Accessing WinQual Data
Windows Live Login
- (?) Access in winqual requires a Windows Live login. Similarly, in MS's StackHash client requires the use of Windows Live Sign-in Assistant. Need to determine if the associated library is required for logging in.
- (?) Need to figure out what account we'd use for automated tools
WER Web API
- API documentation: StackHash source download > 3rdparty > WinQual API > Data Services.docx
Breakpad/Soccoro
- (?) Need to understand the overlap between WinQual crash data and Breakpad crash data, map the applicable info, and decide what to do with "additional" info
- (?) Can we make use of individual hit event info in general? (as opposed to just crash cabs)
- (?) Will hangs (heap dumps) need to be handled any differently than minidumps?
- (?) Who do we give access to minidumps?
- (?) What is our current data retention policy?
- We may want to keep hangs around for longer since there may be a lot, and they've never been investigated
- (?) What is our access audit ability?
Cab File Contents (for collector/processor)
- WERInternalMetadata.xml - (possibly) not present if version.txt is. Includes
- OSVersionInformation - windows version info, architecture, etc.
- ProblemSignatures - event type (crash/hang), crashing executable name, exe version/timestamp, methodDef token of faulting method (?), and IL offset of faulting instruction (?)
- DynamicSignatures -
- SystemInformation - HW info. What's an MID?
- AppCompat.txt (also all lower) - not present if WERDataCollectionFailure.txt is. Includes information on all images loaded by the process.
- WERDataCollectionFailure.txt - includes error message if processing failed in MS.
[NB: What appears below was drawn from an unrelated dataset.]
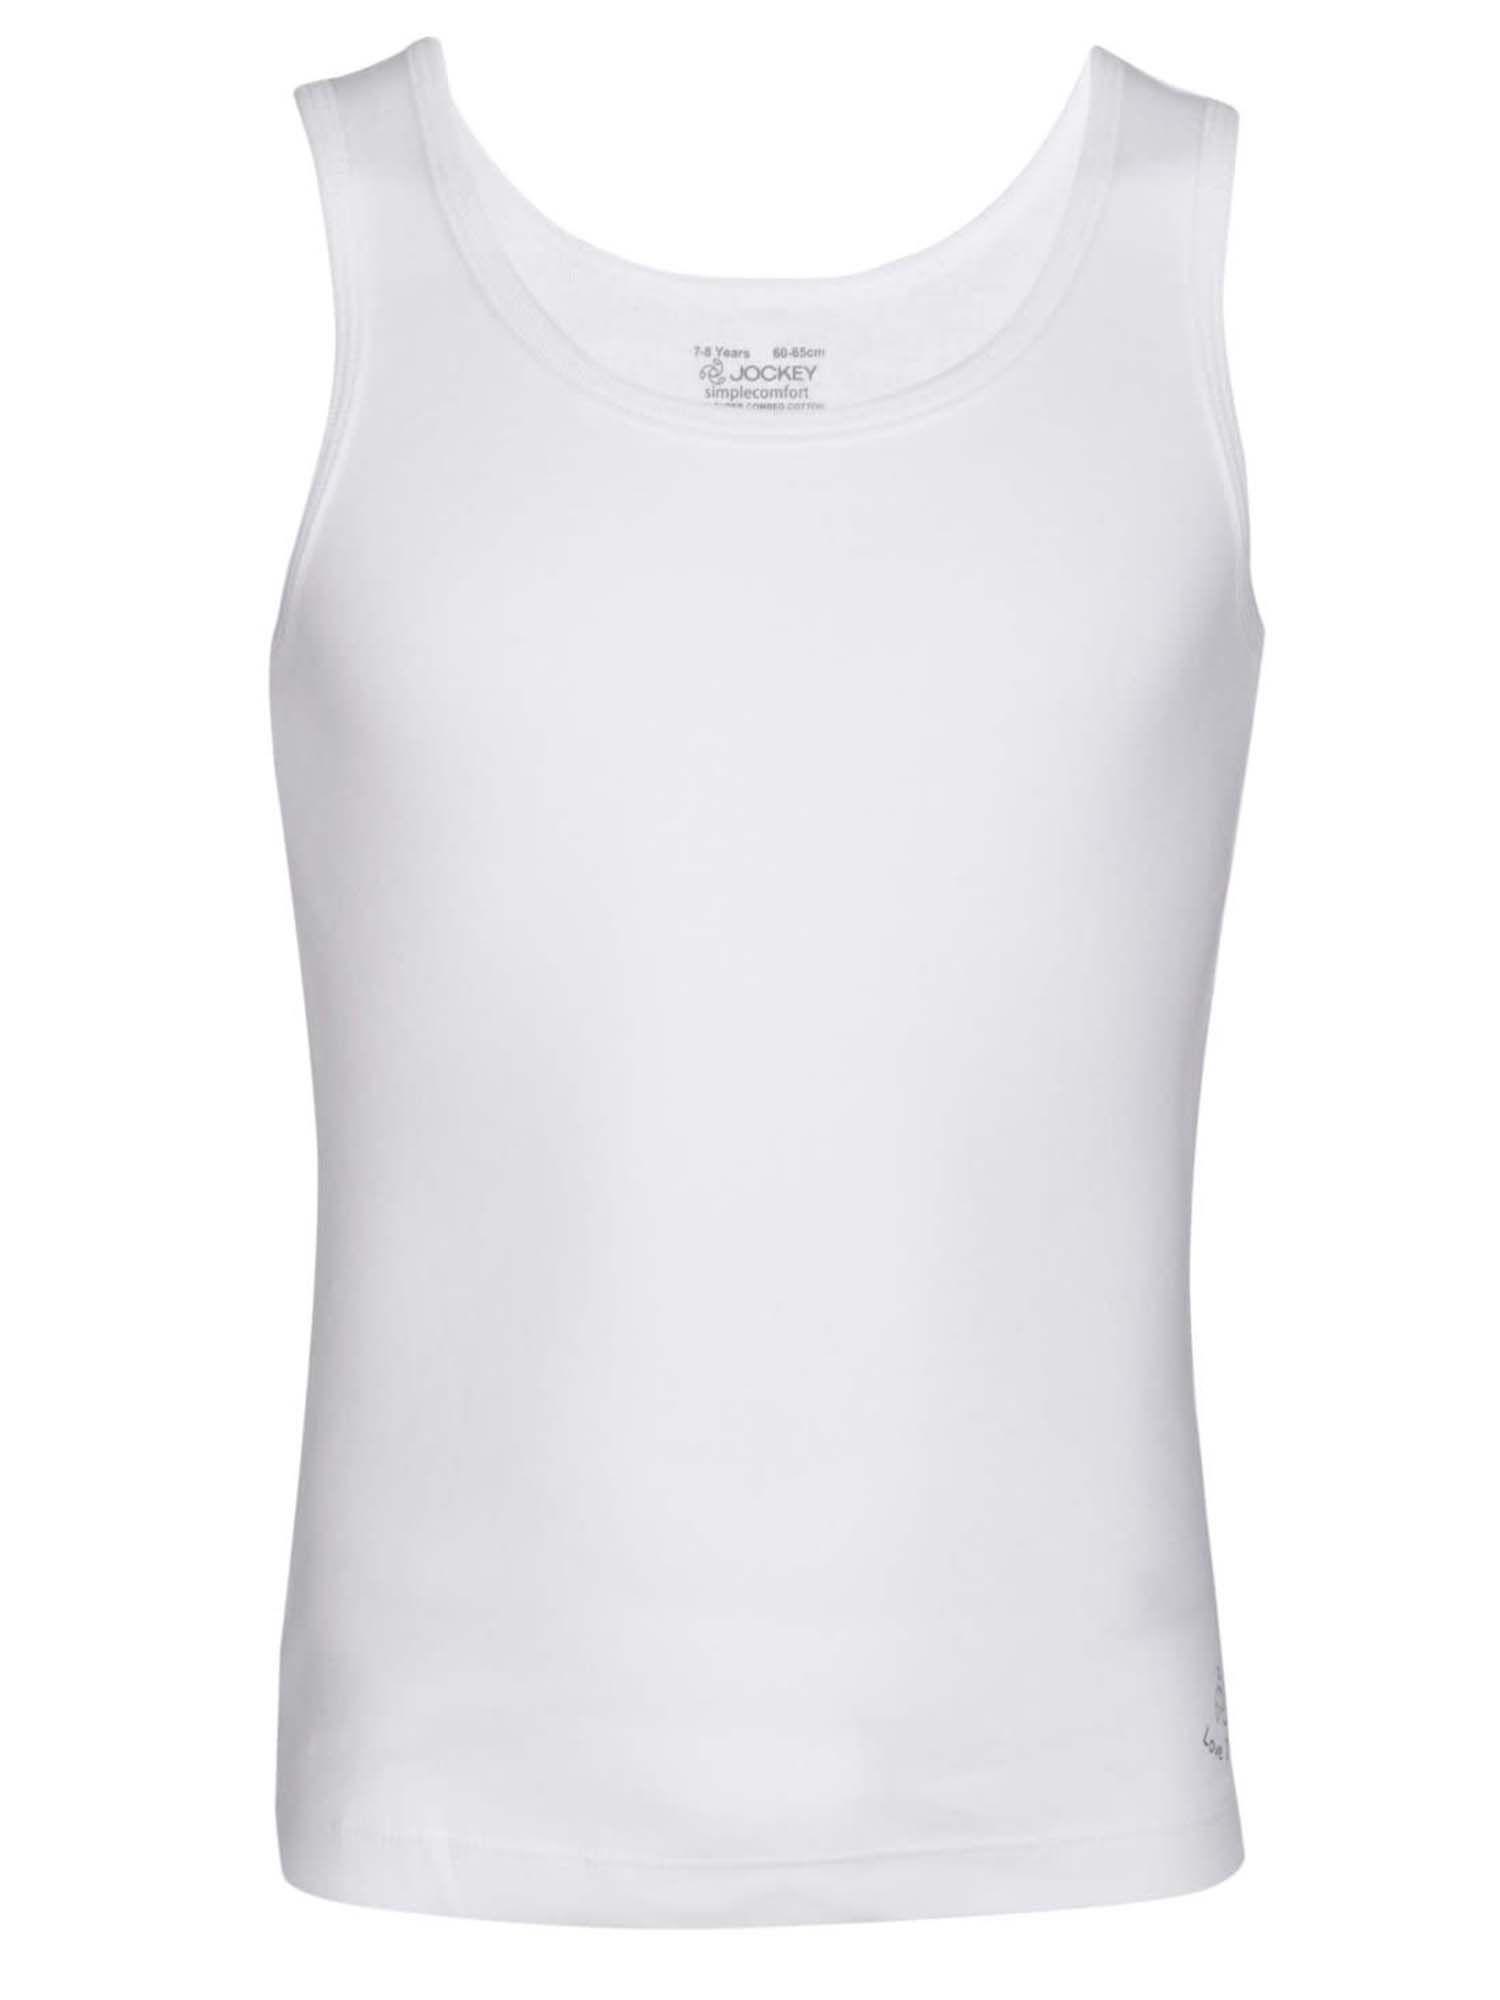 white girls tank top - style number - (sg02)

- version.txt - only came across this once. Only included OS version.
- For crashes
- ______.{m}dmp - minidump file. These types of dumps already appeared to be handled according to http://code.google.com/p/google-breakpad/wiki/ProcessorDesign
- For hangs
- <process-name>.xml - additional hang metadata like the wait chain list
- memory.hdmp - info about the difference between a heapdump and a minidump outlined here
Future Investigations
- Consider providing a solution (link) when the user is presented with the Windows crash dialog
- Can even link to an exe (if part of the "Designed for Windows" logo program), which may be a good idea for last ditch effort if even Firefox's safe mode fails (application files no longer pristine, need reinstall).